Dataset extract:
· · ·

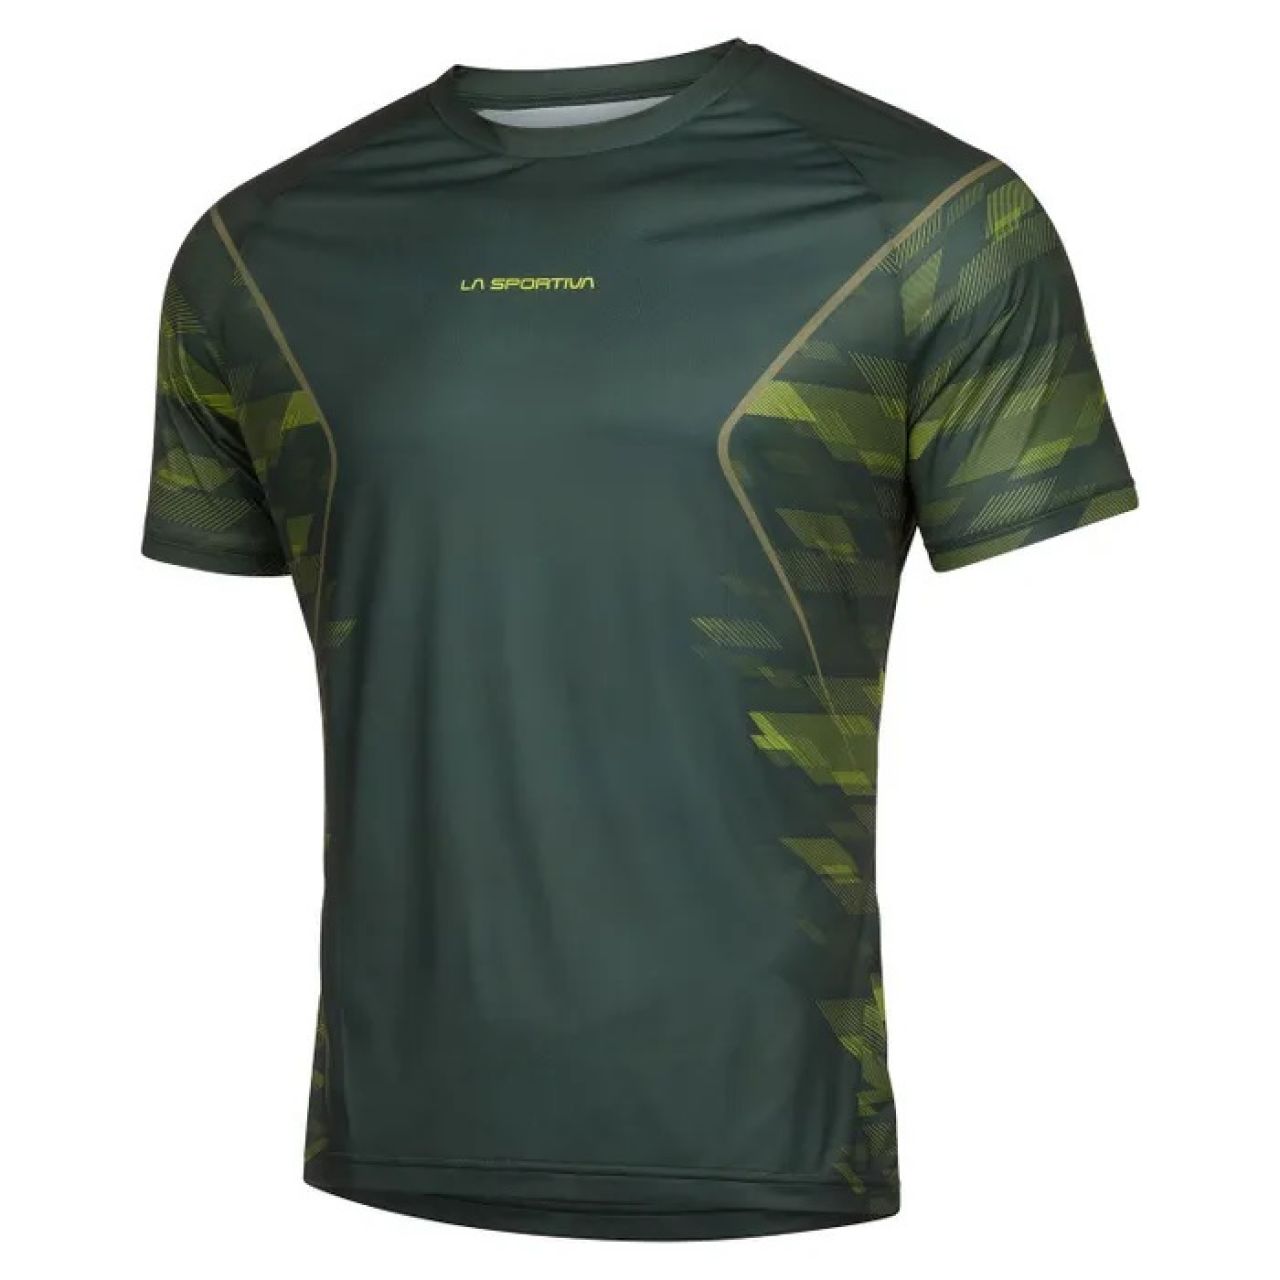 LA SPORTIVA PACER TEE SHIRT FOREST ET LIME PUNCH Tee shirt running homme
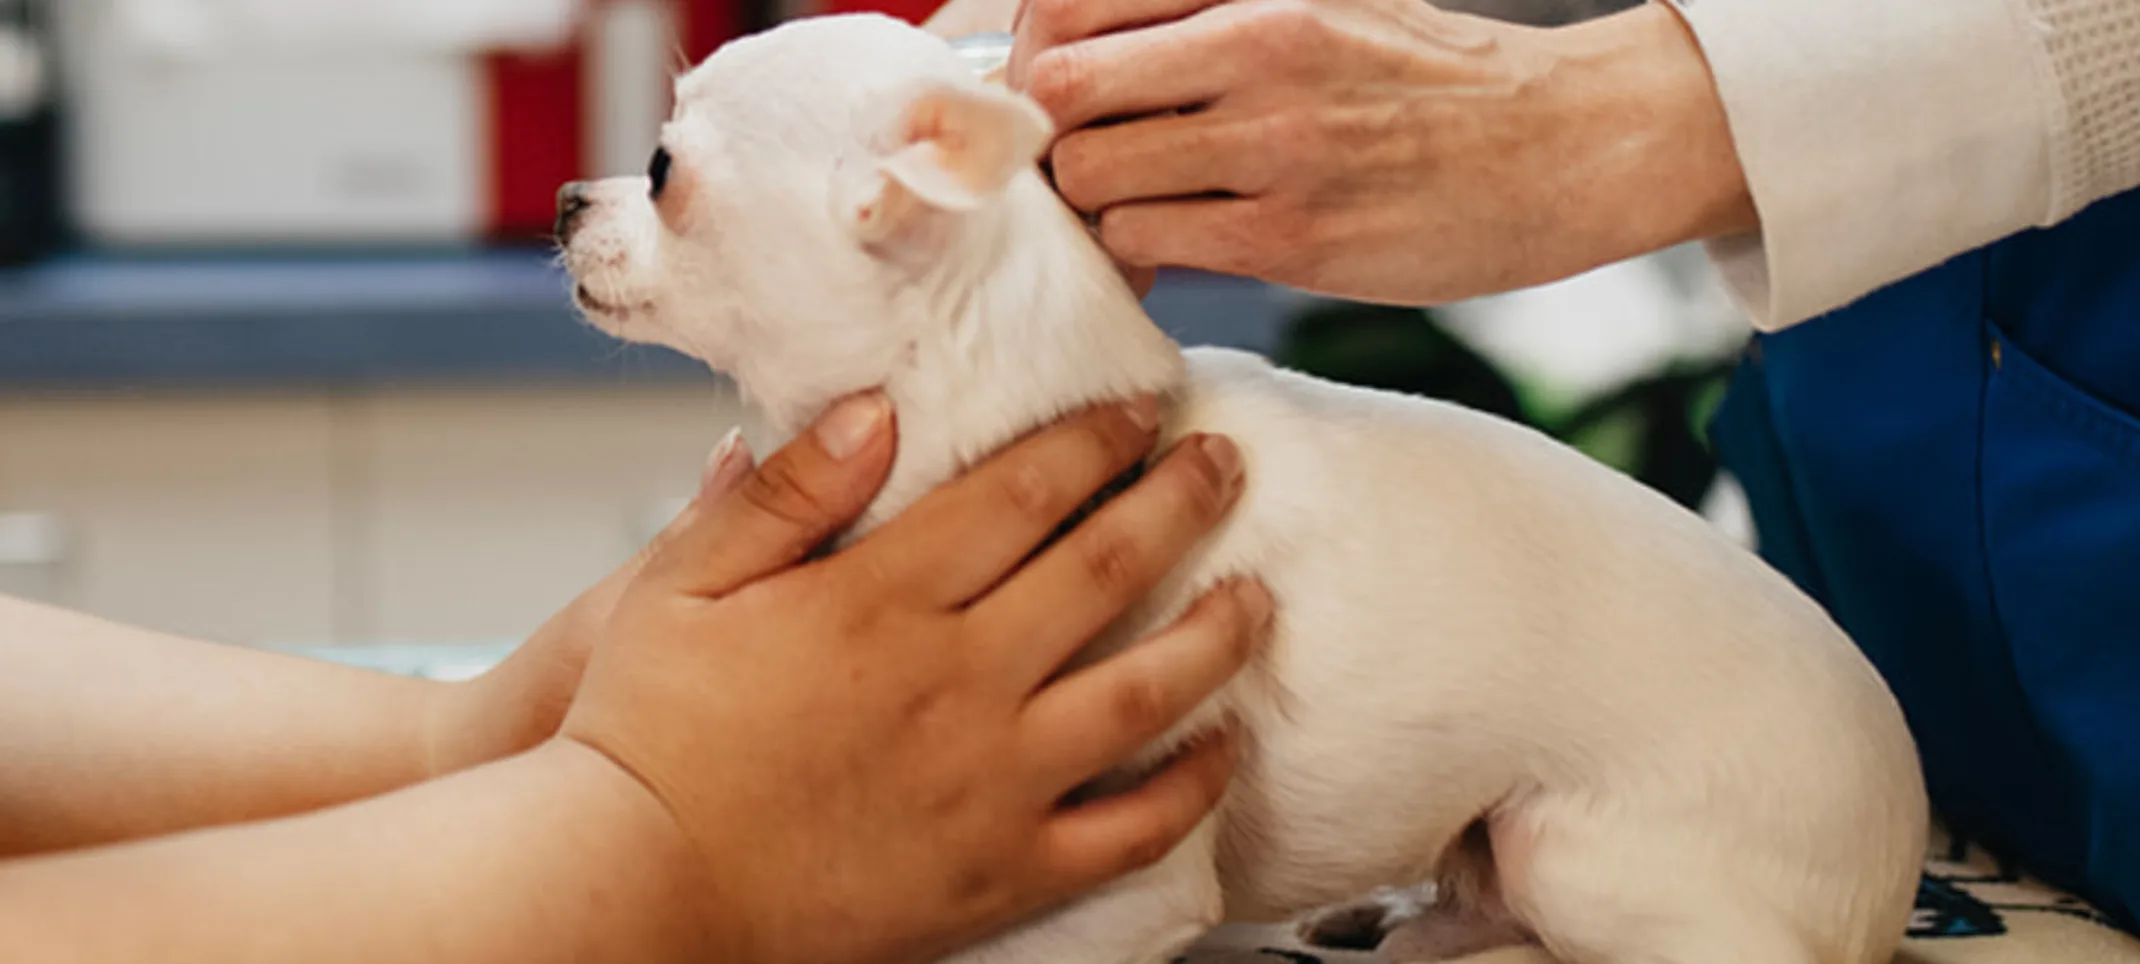 Two staff members caring for a small white Chihuahua dog
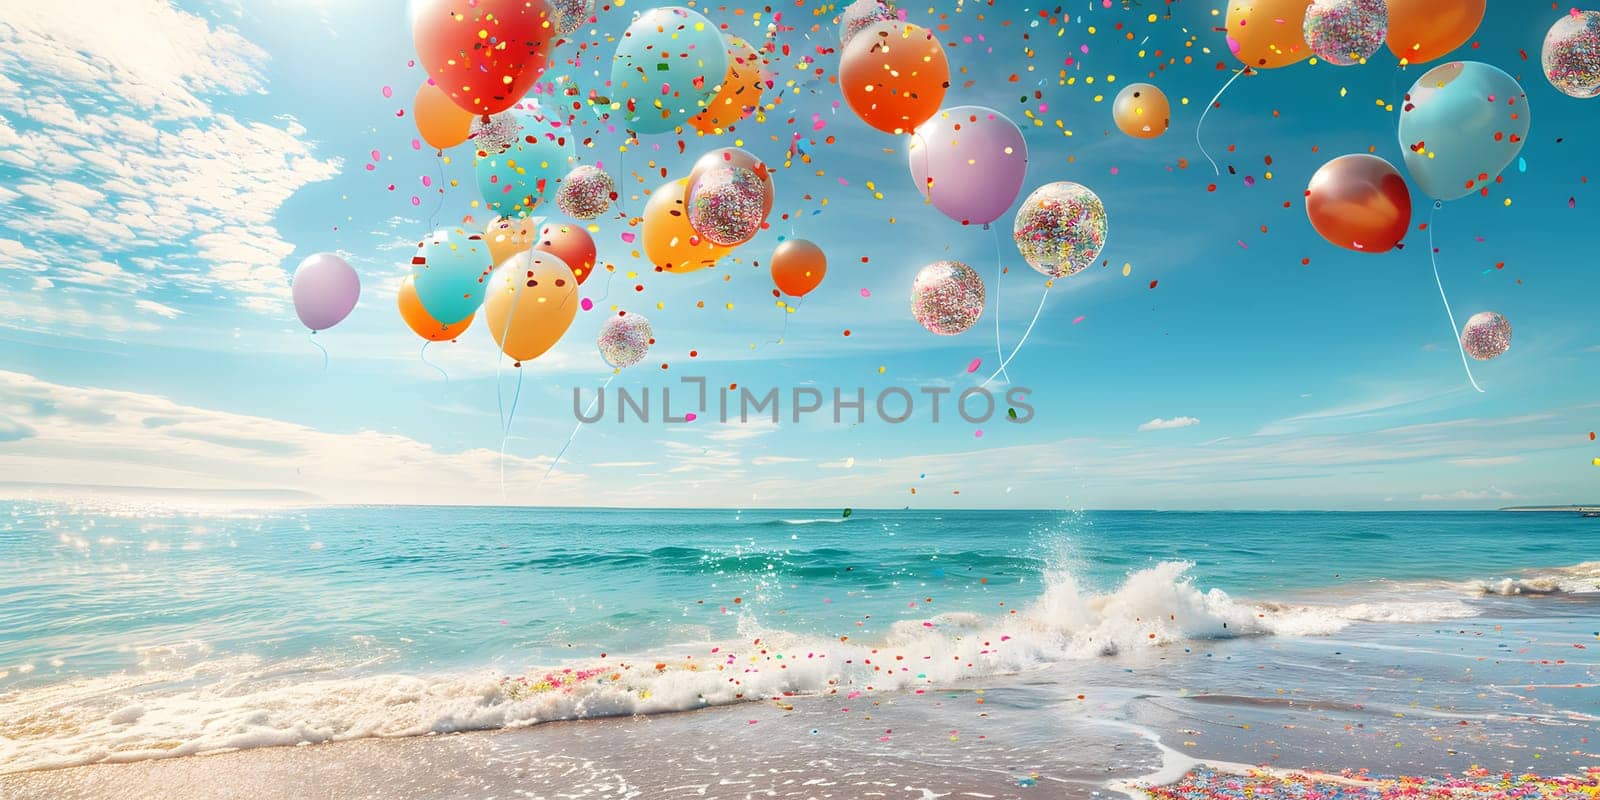 A bunch of azure balloons float in the sky above a beach, adding a splash of color to the natural landscape. The happy scene is reflected in the crystalclear aqua water below

· · ·

Your assignment: Retype each line of the listing above word for word. Exclude the pictures.

Response to the task:
 LA SPORTIVA PACER TEE SHIRT FOREST ET LIME PUNCH Tee shirt running homme
 Two staff members caring for a small white Chihuahua dog
 A bunch of azure balloons float in the sky above a beach, adding a splash of color to the natural landscape. The happy scene is reflected in the crystalclear aqua water below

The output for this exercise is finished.